2. L’estrazione del petrolio da tutte le piattaforme dentro le 12 miglia dalle nostre coste è pari al 1% del fabbisogno nazionale, mentre il gas è al 7%. Petrolio e gas non resterebbero in Italia, perché come ha dimostrato lo scandalo di Tempa Rossa, l’oleodotto fino al porto di Taranto, serve per stoccare l’estratto, caricarlo sulle petroliere e inviarlo alle raffinerie di Total e Shell che lo rivenderanno, anche all’Italia, come prodotto finito e più costoso. Valeva la pena distruggere le bellezze più belle della nostra Nazione per un piatto di lenticchie, visto che i posti di lavoro sono 300ca. in un anno? Se si valorizzasse la ricchezza naturale e artistica si avrebbero migliaia e migliaia di posti di lavoro puliti e senza danni permanenti.
3. I danni all’ambiente e l’inquinamento dell’aria, della terra e delle falde acquifere, causa principale delle morti per tumori, specialmente a Taranto, devastata e martoriata dall’Ilva, valgono il regalo fatto alla Total che si prende petrolio e gas e ci lascia scorie, inquinamento e distruzione?

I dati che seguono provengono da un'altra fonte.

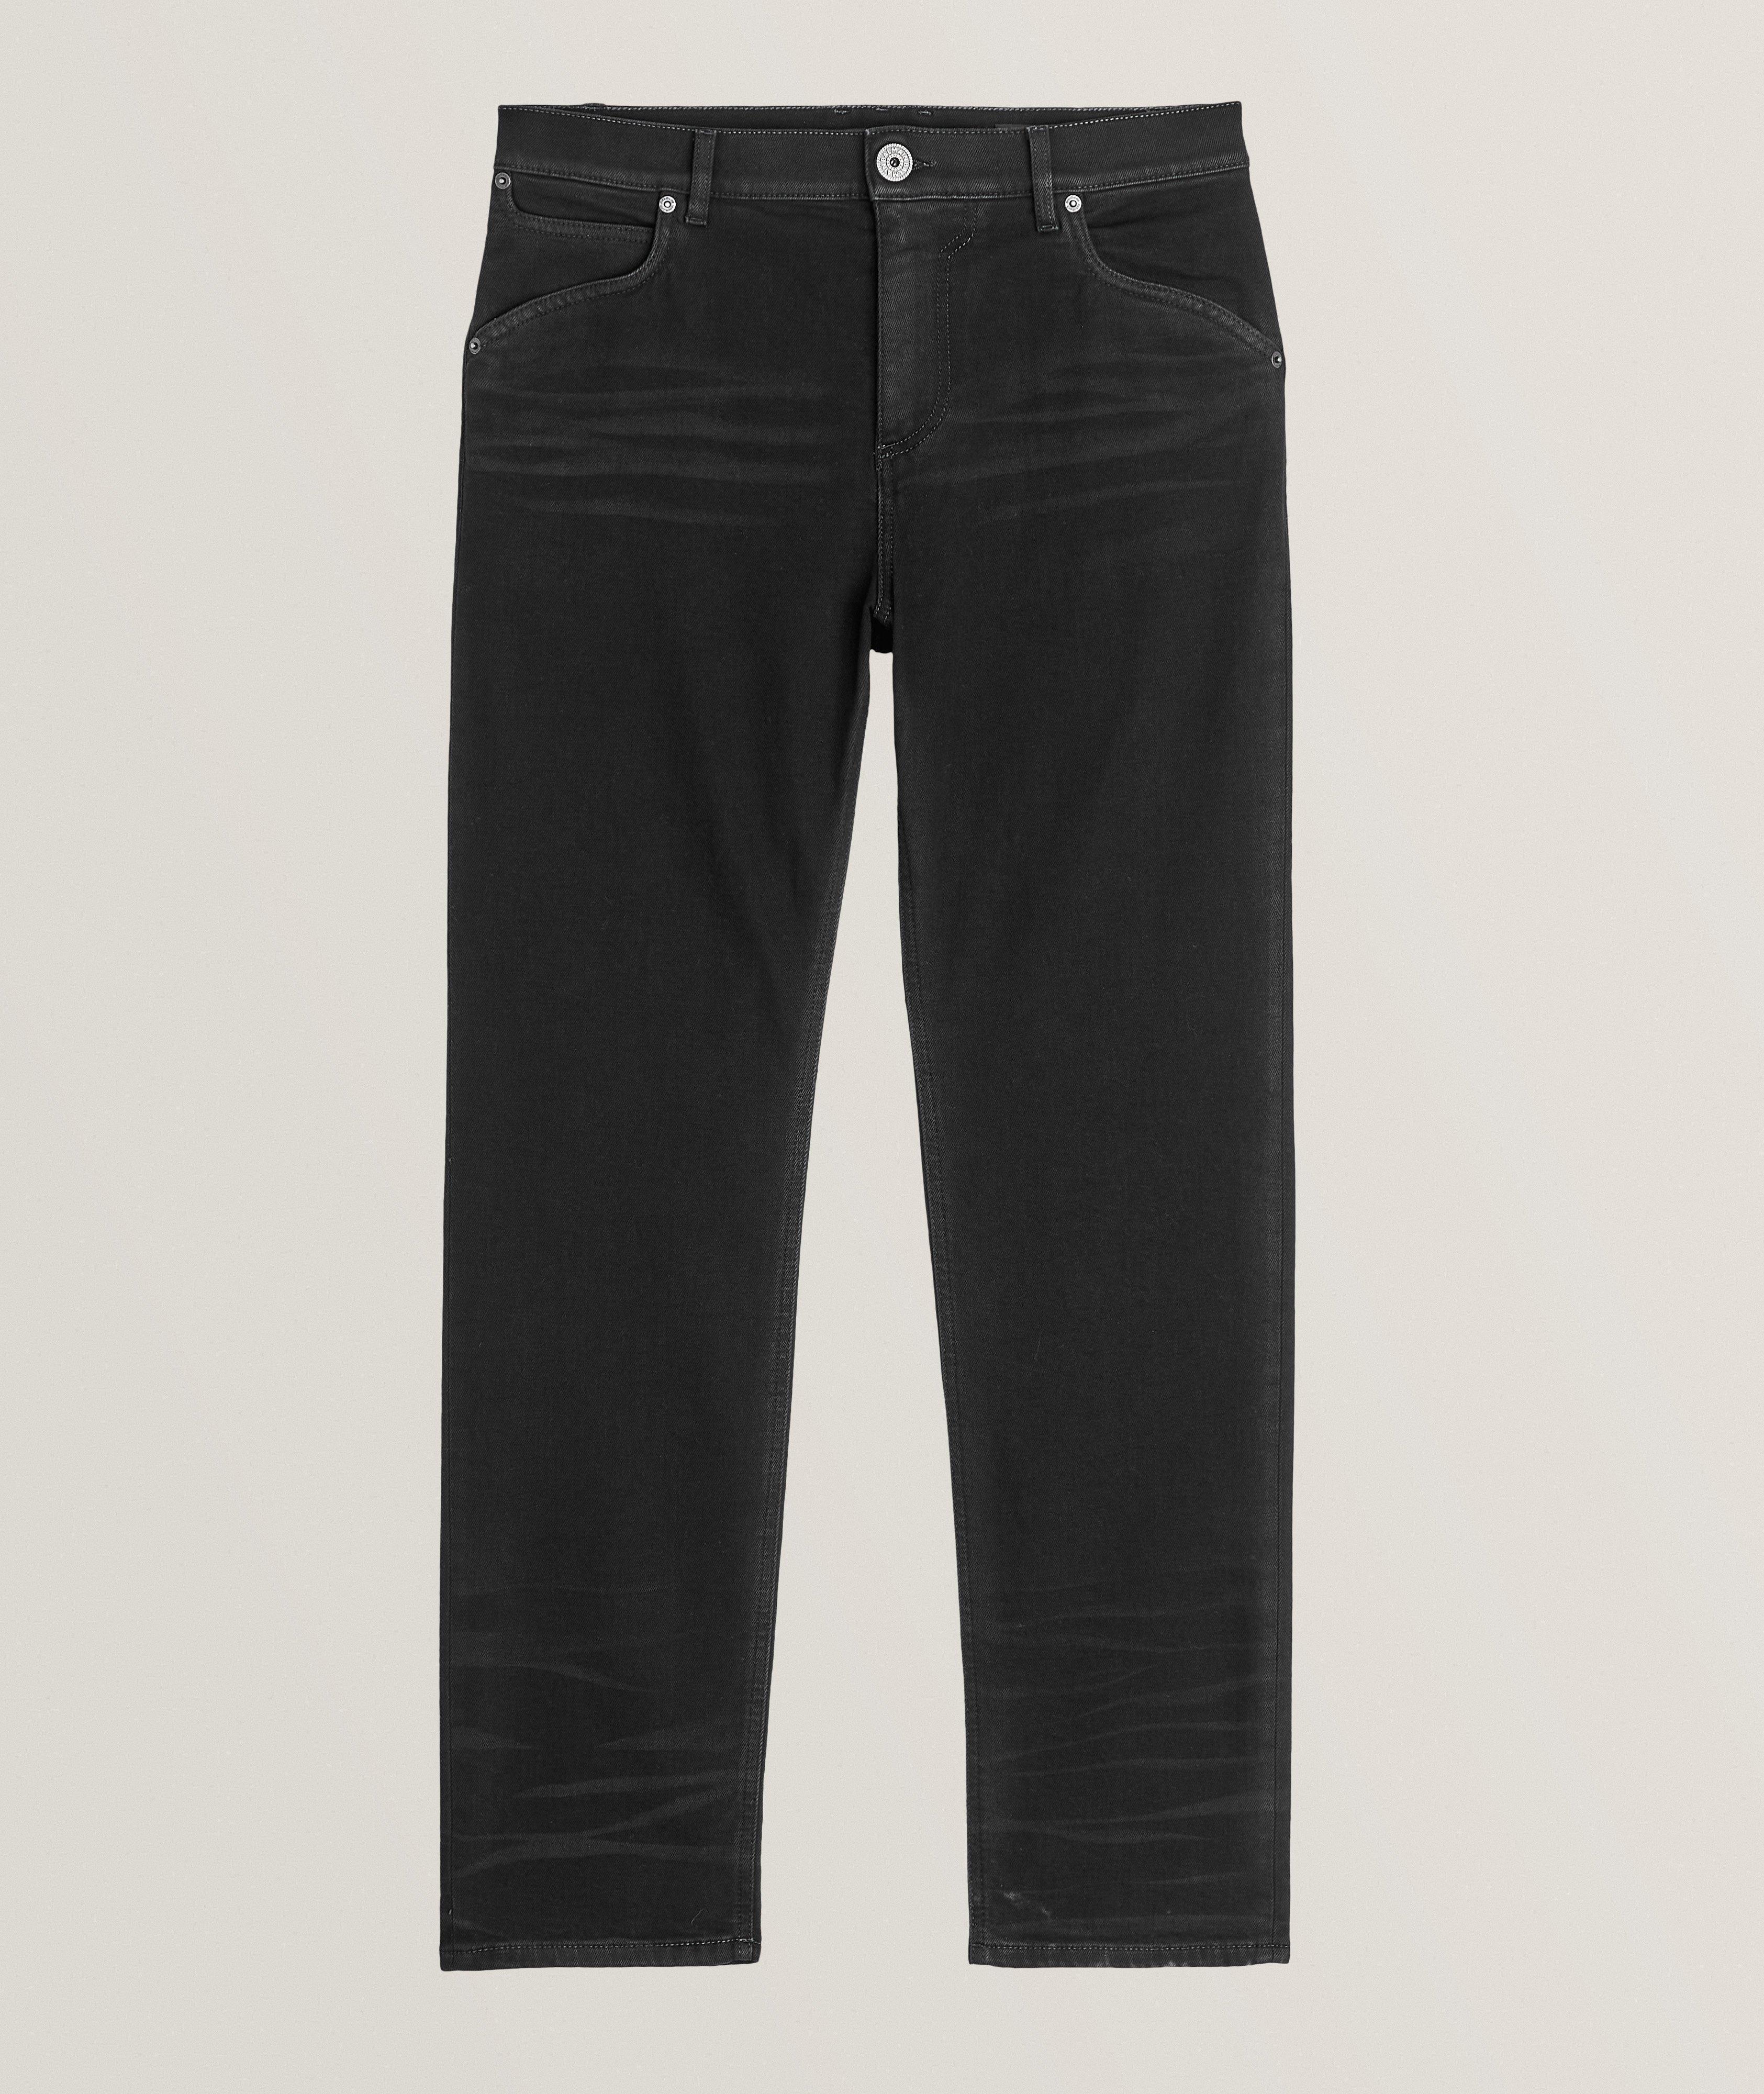 Balmain Washed Stretch-Cotton Jeans

4. La corruzione che gestisce questi traffici è davanti a tutti: si è dimesso un ministro, non una sguattera del Guatemala e il suo ormai ex-compagno è inquisito insieme a pezzi dello Stato marci e senza coscienza.
5. Nove Regioni governate dal Pd, hanno indetto il referendum contro il loro stesso partito e contro Renzi.